Estamos mejor que antes?

Por Carlos Luis Baron miércoles 30 de mayo, 2012

En el vocablo dominicano hay expresiones muy interesantes. Ejemplo de esto son los dichos: Dime con quién andas y te diré quién eres. Dime de qué te alardeas y te diré que te hace falta… entre otros.

Esto no son simple términos que embellecen la Gramática; también pueden ser el reflejo de una realidad, si lo vemos con detenimiento.

La percepción, es la convicción que nos hace ver y entender dentro de nuestro subconsciente una realidad, sin embargo, esa realidad no siempre puede ser cierta, y más cuando ha sido creada en base a estrategias engañosas, con algún interés en particular.
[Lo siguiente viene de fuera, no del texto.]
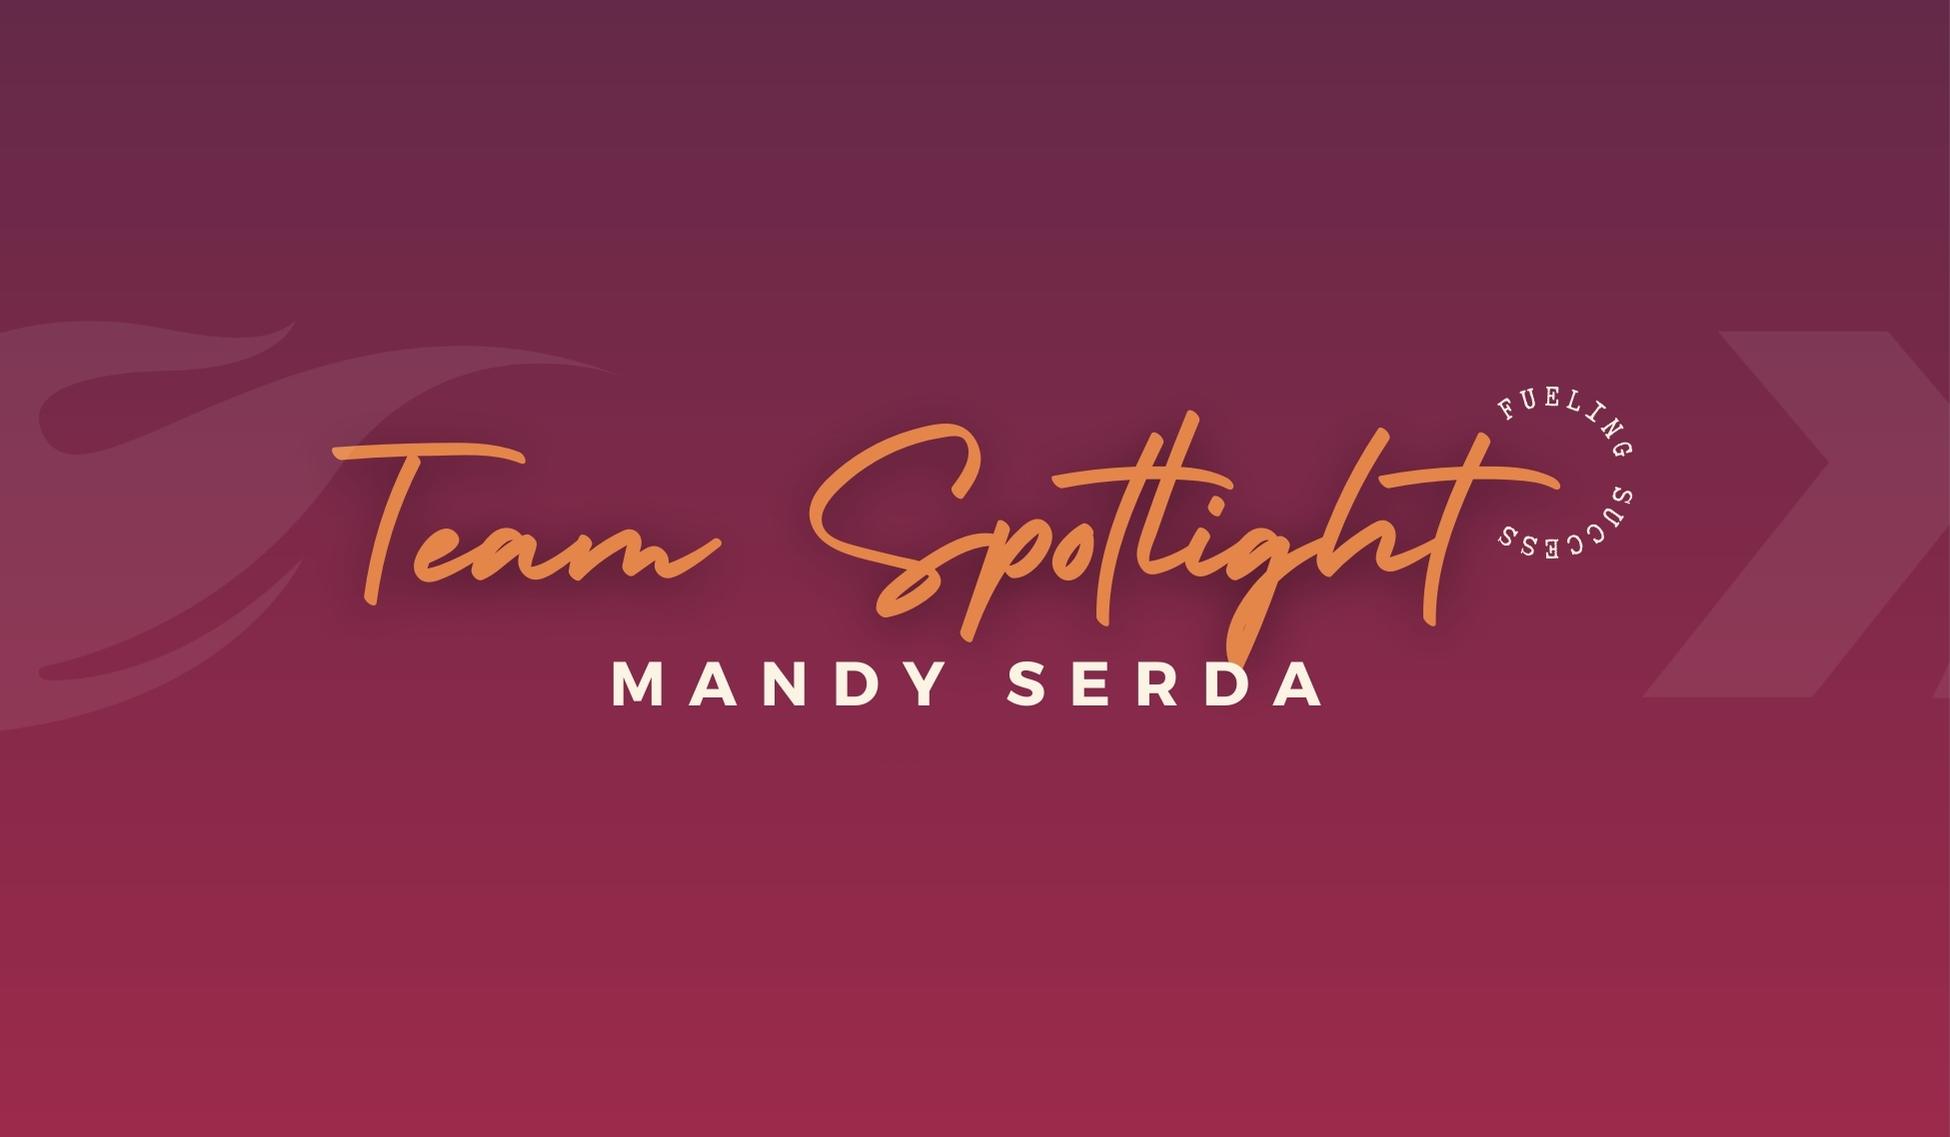 Employee Spotlight: Mandy Serda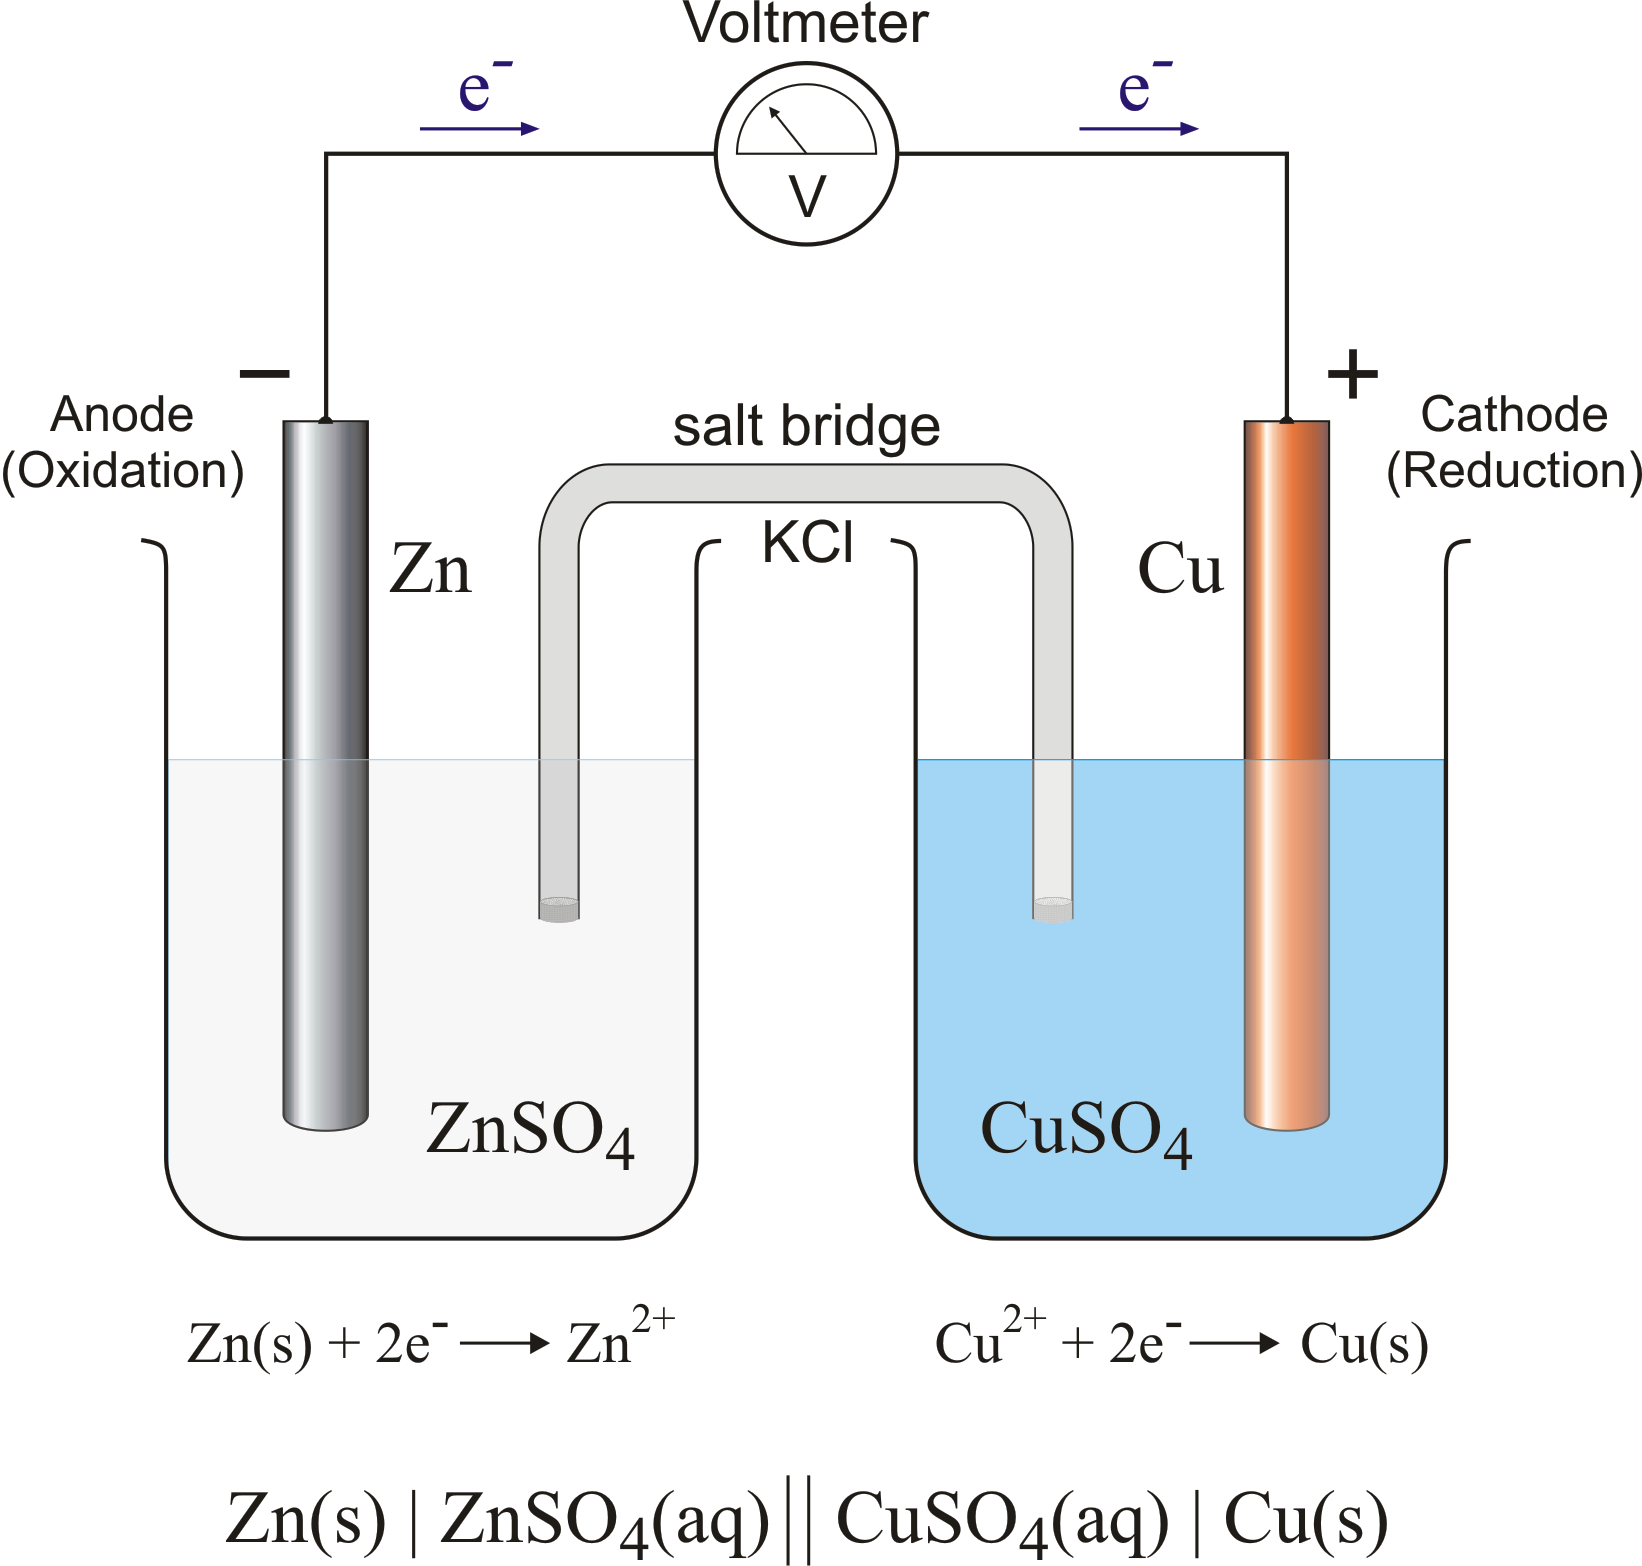 <p>should include…</p><ul><li><p>1 molar zinc nitrate, zinc 2+ ions</p></li><li><p>1 molar copper nitrate, copper 2+ ions</p></li><li><p>ammonium nitrate salt bridge</p></li><li><p>electrolytes, solutions, voltmeter</p></li><li><p>show movement of the ions and electrons</p></li><li><p>LABEL: anode (neg because electron build up), oxidation, salt bridge, cations (towards the cathode), anions (towards the anode), cathode, reduction</p></li></ul>

En Derecho hay una frase muy conocida también: Una mentira repetida puede convertirse en verdad. El presidente Fernández también hizo suya una frase con bastante lógica E’palante que vamos!!

Partiendo de la lógica esto es real, puesto que de los seres vivos en el planeta Tierra, sólo al camarón se le conoce con la característica de nadar hacia atrás.

En tal sentido, siempre vamos a ir hacia delante, aunque no contemos con agua potable, que estemos por debajo de los niveles de pobreza o que nuestra residencia esté a la espera de una llovizna para ser derribada por un riachuelo, por lo que tendremos que continuar adelante a pesar de ello.

Un informe emanado del Fondo Monetario Internacional, revela que los niveles de pobreza en la República Dominicana para el 2000 eran de 38 porciento y que para el 2007 era de 48 porciento, lo que refleja un vertiginoso crecimientos de un 11.5 por ciento en dicha comparación.

Sin embargo, la percepción con que las autoridades y la mayoría de los medios de comunicación han enfocado, es que estamos mejor hoy día que antes, que hemos avanzado.

Uno de las elementos que han provocado ésta imagen es la compra de periodistas y medios de comunicación y en muchas oportunidades la censura por parte de directores inversionistas de los medios con intereses marcados en ellos.

Obviamente, la calidad, veracidad de la opinión que en vez de ser pública se ha convertido en opinión publicada, convirtiendo muchas mentiras en verdad en complicidad con el Estado, haciéndonos ver del color que los actores les interesa que veamos, no el color original de la cosas.

La gran pregunta a hacernos es y usted, está mejor en la actualidad.